Рижские староверы в период гонений в 40-е – 50-е годы XIX века
Период правления Николая I ознаменовался изменением политики официальных властей в отношении староверческого населения Балтийской губернии. Особенно репрессии дали о себе знать, начиная с 30-х годов 19 столетия. Генерал—губернатор М. Пален ужесточил условия проживания староверов (запрет вести метрические книги, сомнение в легитимности браков староверов, препятствия при покупке земли и др.), способствовал открытию в Риге Единоверческого храма.

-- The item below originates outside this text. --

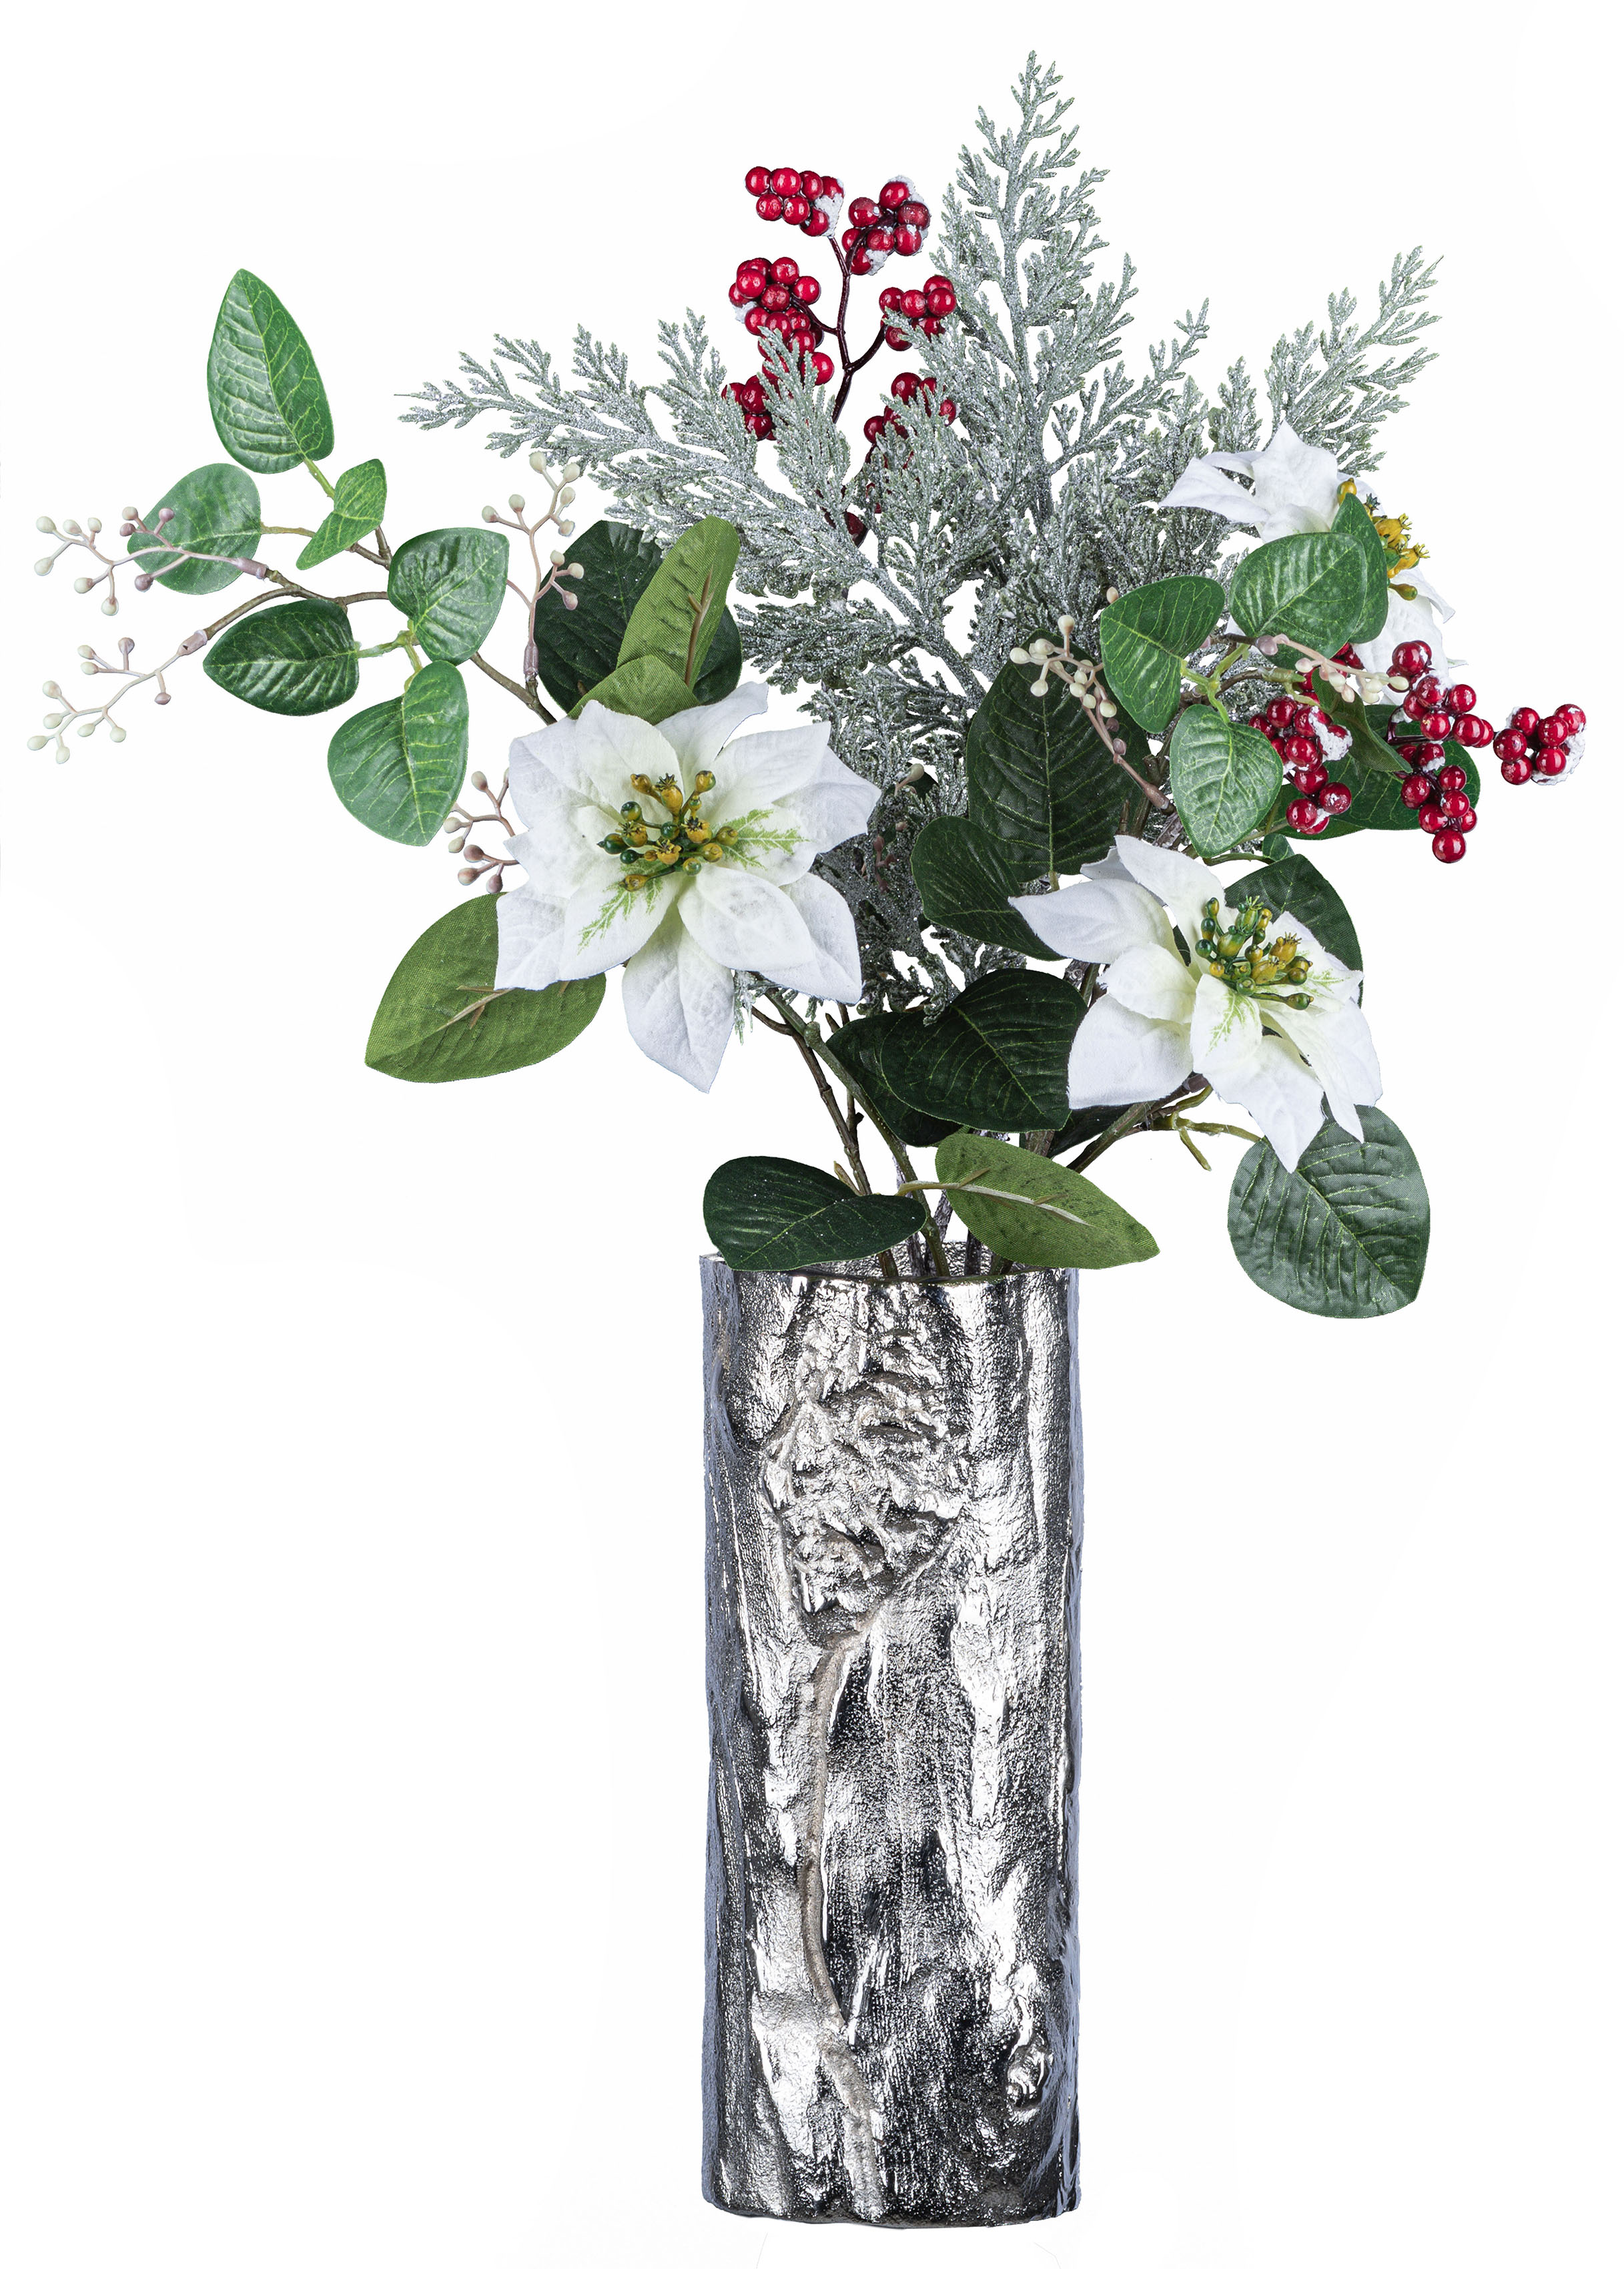 Vasen aus Aluminium online kaufen ▷ Alu Vasen | BAUR

Умеренно жёсткая политика середины 1840-х годов особенно изменилась после 9-й переписи народонаселения Российской империи, проведенной в 1850 году. Преследуя религиозные взгляды староверов, официальные власти получили возможность вмешиваться в частную жизнь, фактически объявив браки староверов вне закона. В результате таких решений староверы оказывались перед фактом резкого ограничения их права наследования имущества. Экономически благополучная часть рижских староверов была поставлена перед проблемой перехода в лоно официальной Православной церкви.
Латвийский государственный исторический архив хранит малоизученный фонд «Канцелярии Начальника Лифляндской Губернии», в котором содержатся бесценные документы, свидетельствующие об истинном положении рижских староверов 30-х—50-х годов 19 столетия.

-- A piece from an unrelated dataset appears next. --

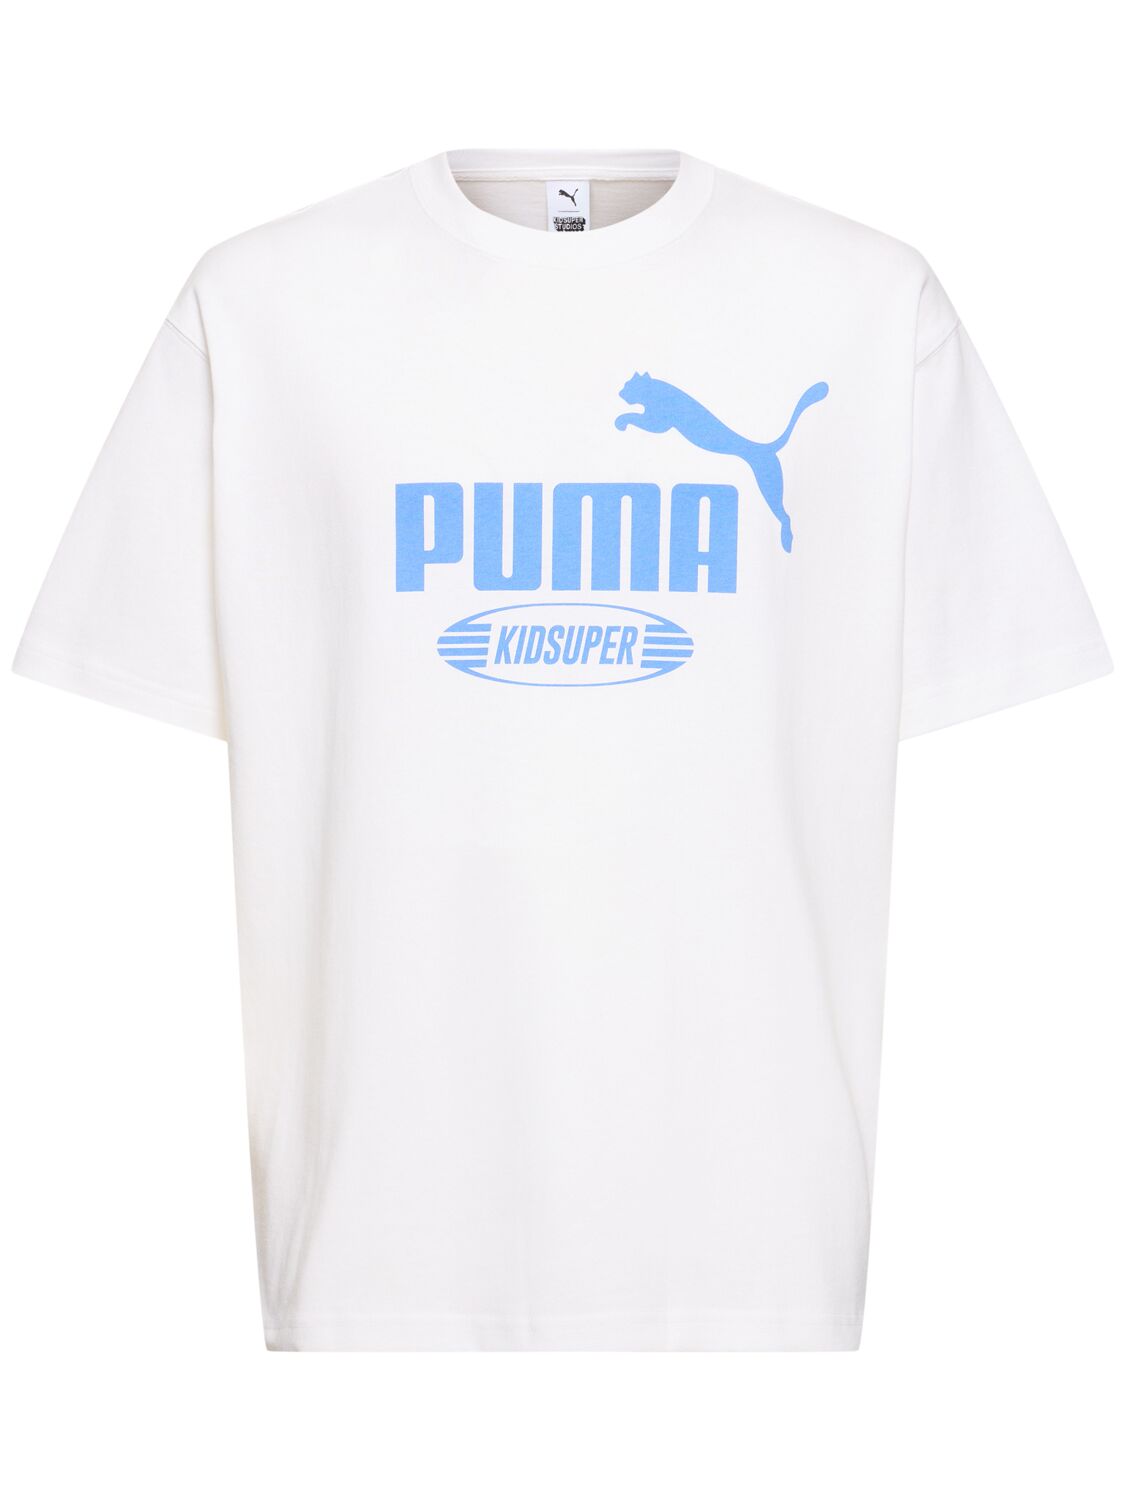 Puma Kidsuper Studios Logo T恤 In  White

Александр II действительно освободил староверов от преследований. Начало его царствования было ознаменовано постепенным уменьшением накала «карательных акций» в виде Высочайших Повелений, писем из Министерства внутренних дел, Постановлений Правительствующего Сената. Надо признать, что за годы гонений на рижских староверов Российская власть в лице Балтийского генерал-губернатора князя А. Суворова достигла определенных успехов. И все же, староверие не удалось искоренить.
Декабрьские события в Петербурге на Сенатской площади 1825 года вызвали у Николая I устойчивую реакцию недоверия и подозрения с любым проявлением инаковости, несоответствия, несовпадения с общепринятыми государственным стандартам. Ведь под гонения, притеснения, надзор полиции попали представители разных религиозных и христианских направлений, чьи религиозные представления не совпадали принятыми в Российской империи Православными (никонианскими) нормами: не только староверы, но и так называемые раскольники — скопцы, духоборы, молокане, хлысты, субботники или жидовствующие [1].
Уточним термины. В те годы старообрядцами было принято называть тех староверов, которые имели в своих храмах рукоположенных священников и придерживались, таким образом, всех семи христианских Таинств. Их называли поповцами. В Риге поповцев, приехавших их храма при московском Рогожском кладбище, всегда было довольно мало.
Напротив, раскольниками именовались староверы причислявшие себя к федосеевскому толку. Федосеевцев Риги и округа, Причудья именовали исключительно беспоповцами, раскольниками, поскольку они не сохранили всей полноты семи христианских Таинства, придерживались только трёх — крещение, исповедь, молитвенное освящение брака. Федосеевцы, проживавшие в Риге и округе, в Причудье (или в Дерптском округе), стали главным объектом гонений.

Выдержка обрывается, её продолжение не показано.